I loved The Black Swan. Any time acting transports, like it did here, one is in for a real treat. The story works as drama and psychology. Let me hasten to add I understand anyone who felt disturbed after this viewing experience. In the small town movie theater where I was in attendance, the theater owner made several announcements before the start of the movie. One of them was to jokingly caution that therapists would be stationed in the lobby to debrief the audience at the movie’s end.
The Black Swan is the kind of movie that will make many psychotherapists a bit smug because the story depicts the unraveling of a mind that is both familiar and validates what many of us were taught in graduate school.
Barbara Hershey plays Erica, who is the mother of Nina, a talented ballet dancer, played by Natalie Portman. Erica is the kind of stage mother who not only sacrificed her life for her daughter, but also needs her “little girl” to stay that way. Mother lives vicariously through her daughter’s accomplishments. However she is also unconsciously competitive with Nina. Erica seems almost relieved when, at first, Nina believes she has been passed over for the starring role. When Erica comforts Nina, a mother’s love is surely present. However it is conditional and only available at too high a cost for Nina.
Nina comes to realize with the help of Thomas, the ballet company director, and Lilly, a new dancer, that she has subjugated her sexuality. The sexual part of her personality comes roaring to life with such force that Nina has nowhere to go but fantasy because she is not prepared to deal with the intensity of her feelings. Thomas easily perceives this quality. He has no problem pouncing and taking advantage of Nina by telling her that fully developed eroticism is essential in playing her new role. In addition he will generously help her with the assignment. That is one altruistic fellow.

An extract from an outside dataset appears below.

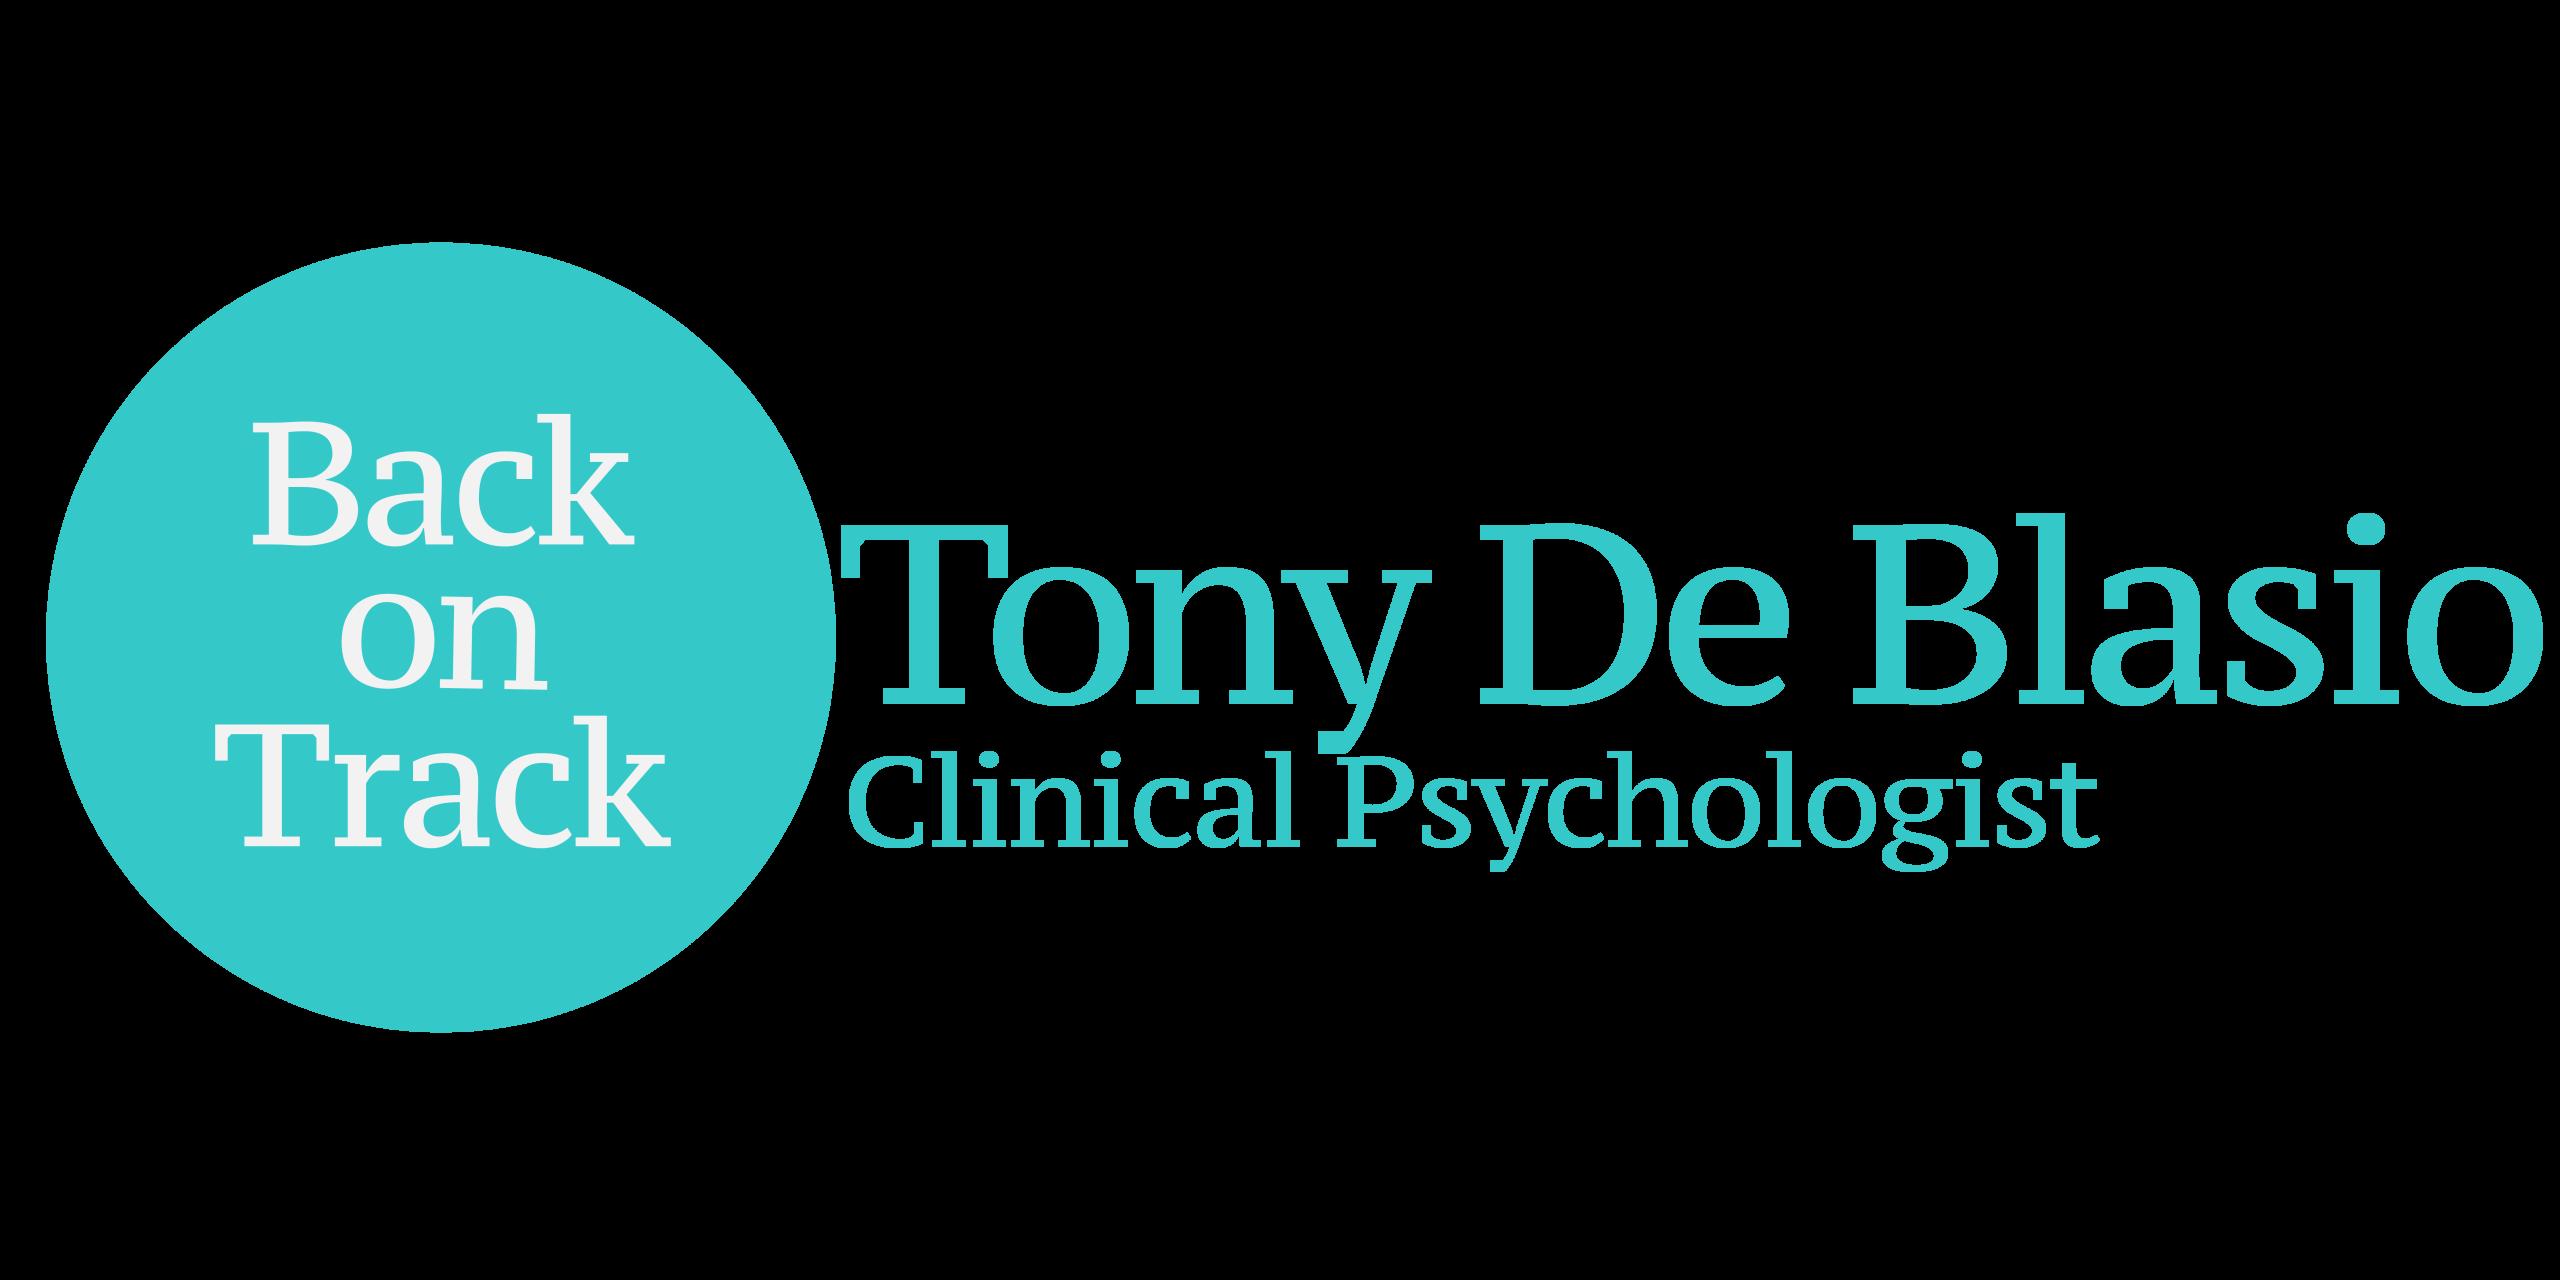 Tony-De-Blasio-Back-On-Track-Psychological-Services-scaled

Many aspects of Nina’s personality have been squelched by her career choice and by her mother. The rarified air in which she operates leaves little opportunity for personal growth. Then she lands the lead Swan role and her world quickly lurches toward chaos.
If she could explore the conflicts and confusion she encounters in therapy over time, Nina could be able to make sense of her situation, find sustainability in her career, and figure out something about her love interests. The drama supplied by the story is that the conflicts in her life, come at her much too fast. She is not prepared and dies as a consequence. Some people believe her death is also a fantasy. I have no problem with such an interpretation, although I chose to believe that earlier occurring hallucinations did lead to her actual death. There is more bite in seeing it this way.
Mila Kunis’s character, Lilly, is alluring. Lilly became a template for the extreme views that Nina projected on to her. Lilly was like an activating ingredient who could trigger and encourage Nina to visit realms of experience that were heretofore off limits. In a way Lilly was never real because we only saw her through the enormous swings of Nina’s perception. What we see of Lilly was how Nina experienced her.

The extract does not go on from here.